As the elder Friedman wrote in 1997, reflecting on nearly half a century of astonishing growth, “…in 1960, the earliest date for which I have been able to get [data], the average per capita income in Hong Kong was 28 percent of that in Great Britain; by 1996, it had risen to 137 percent of that in Britain.” Friedman went on to point out that these figures are even more impressive when you consider how little land and natural resources were available to citizens of Hong Kong compared with those of Great Britain. Yet these statistics have not convinced governments around the world to adhere to Hong Kong’s governance model. Furthermore, Hong Kong’s isolated success is largely a result of a historical accident, in which the particular circumstances of post-WWII British colonial rule led to a laboratory-like experiment in limited government and free enterprise. Accordingly, Patri chose a different approach than his grandfather to enabling more cities like Hong Kong–seasteading–which relies on neither persuasion nor coincidence.

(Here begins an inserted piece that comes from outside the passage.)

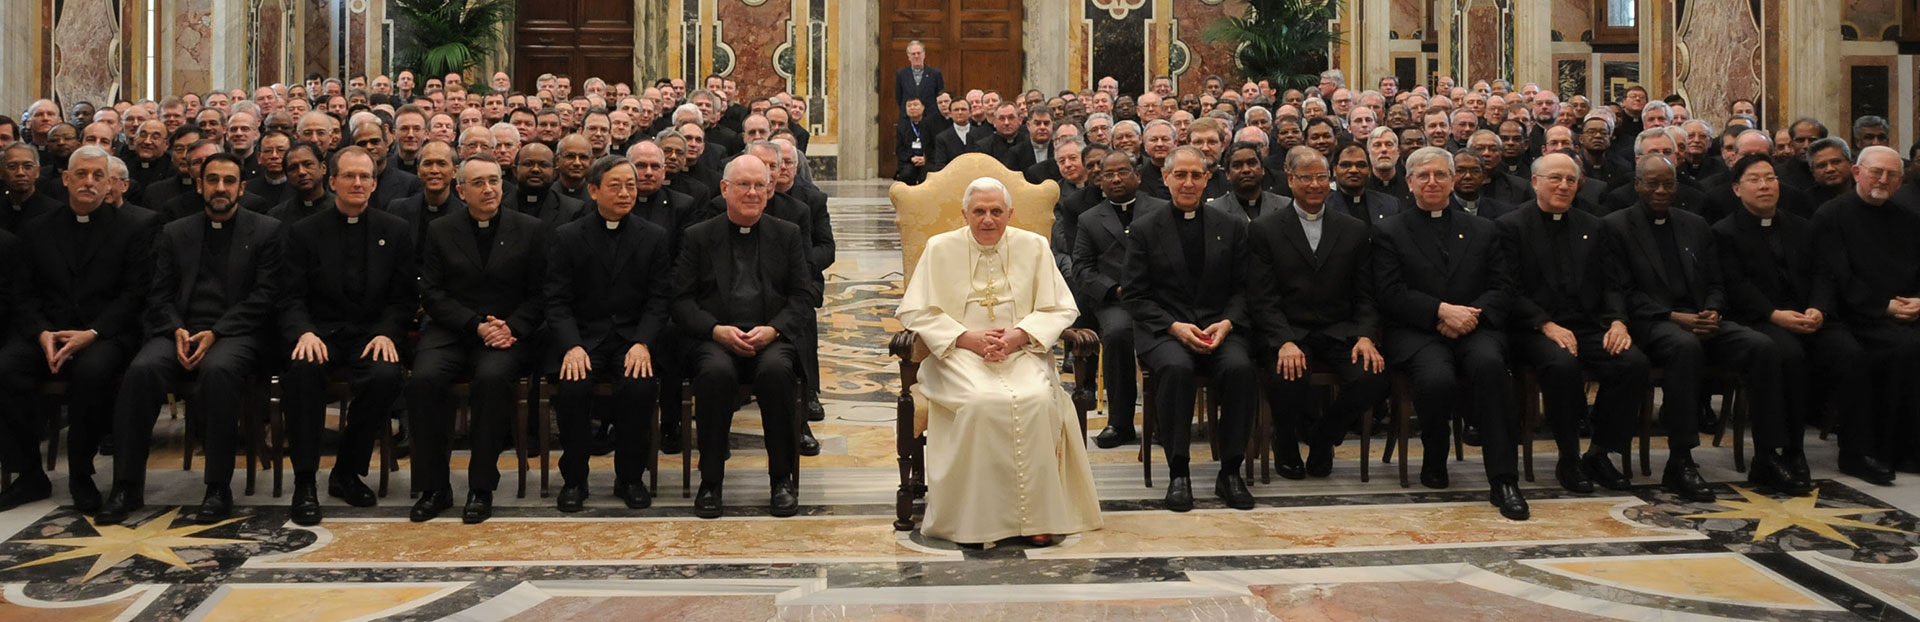 Pope Emeritus Benedict XVI: “Society of Jesus shares the sorrow of the whole Church” says Fr Sosa
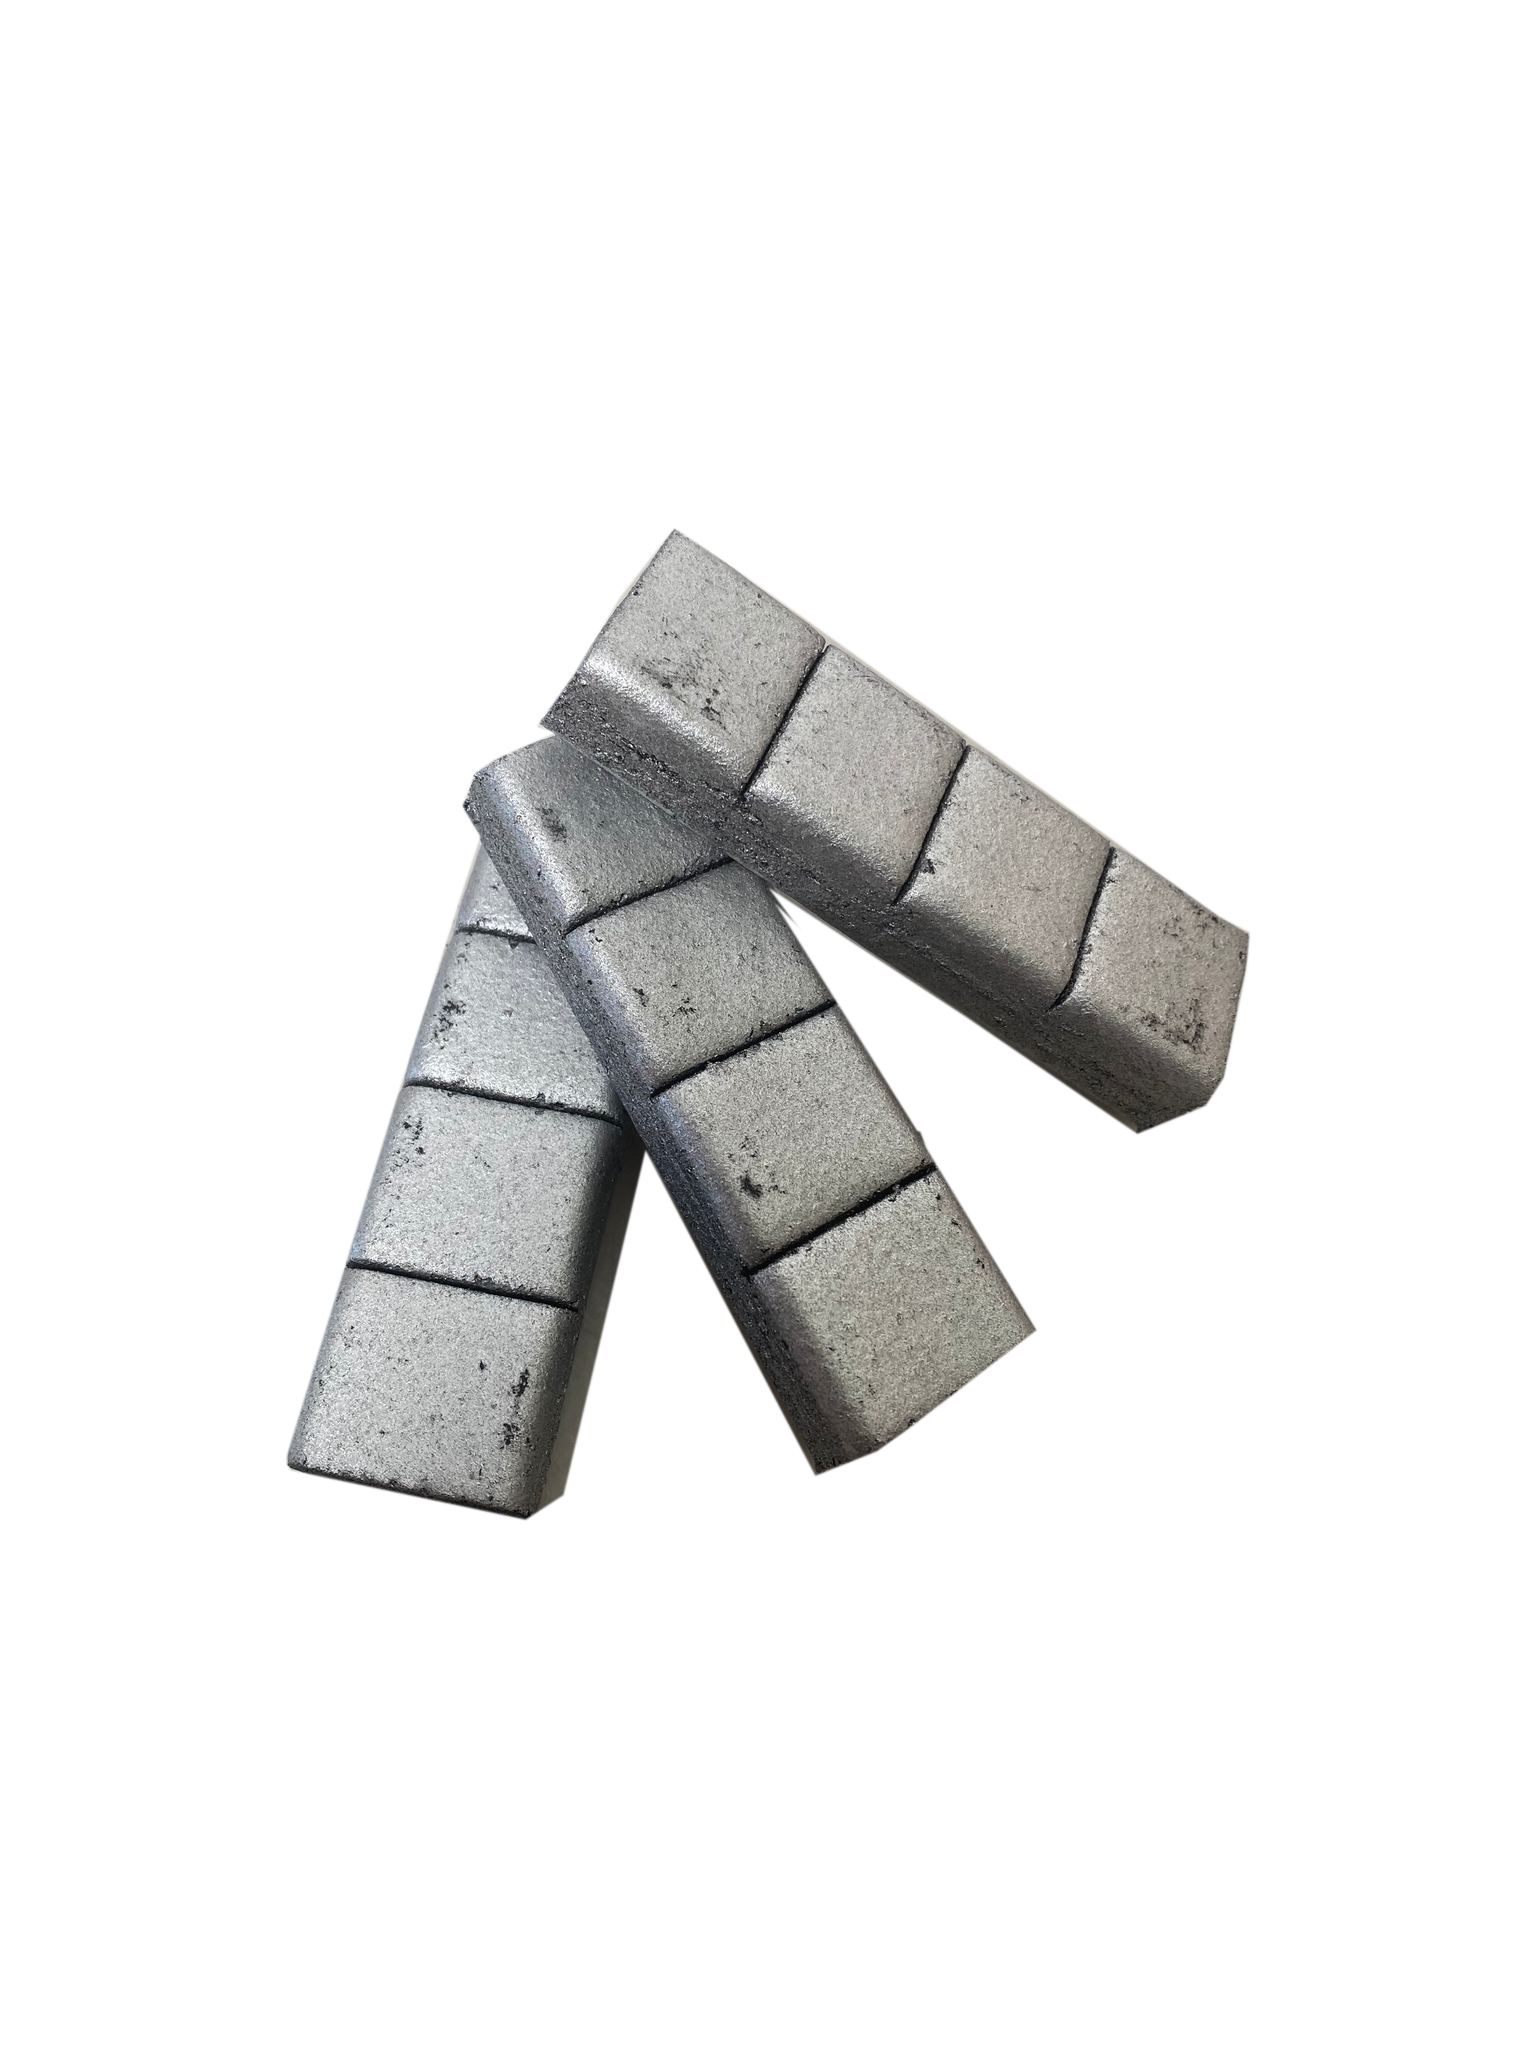 Tangiers (Gen2) Silver Tab Hookah Charcoals - 1 Case - 30 Packs

When seasteaders talk about our goal of establishing multiple Hong Kongs on the high seas, we are not just referring to freedom in a narrow financial sense. While high GDP is important factor in granting greater choice and autonomy to the citizens of a given country, it is even more importantly an effect of policies that leave people free to choose which systems govern their everyday lives. Future cities, whether on the ocean or on land, can learn a great deal from Hong Kong, but new experiments are needed to provide further evidence that Hong Kong is not a fluke, and that the wealth of nations and city-states comes from harnessing human ingenuity under benevolent institutions, not from resource-rich land or five-year master plans.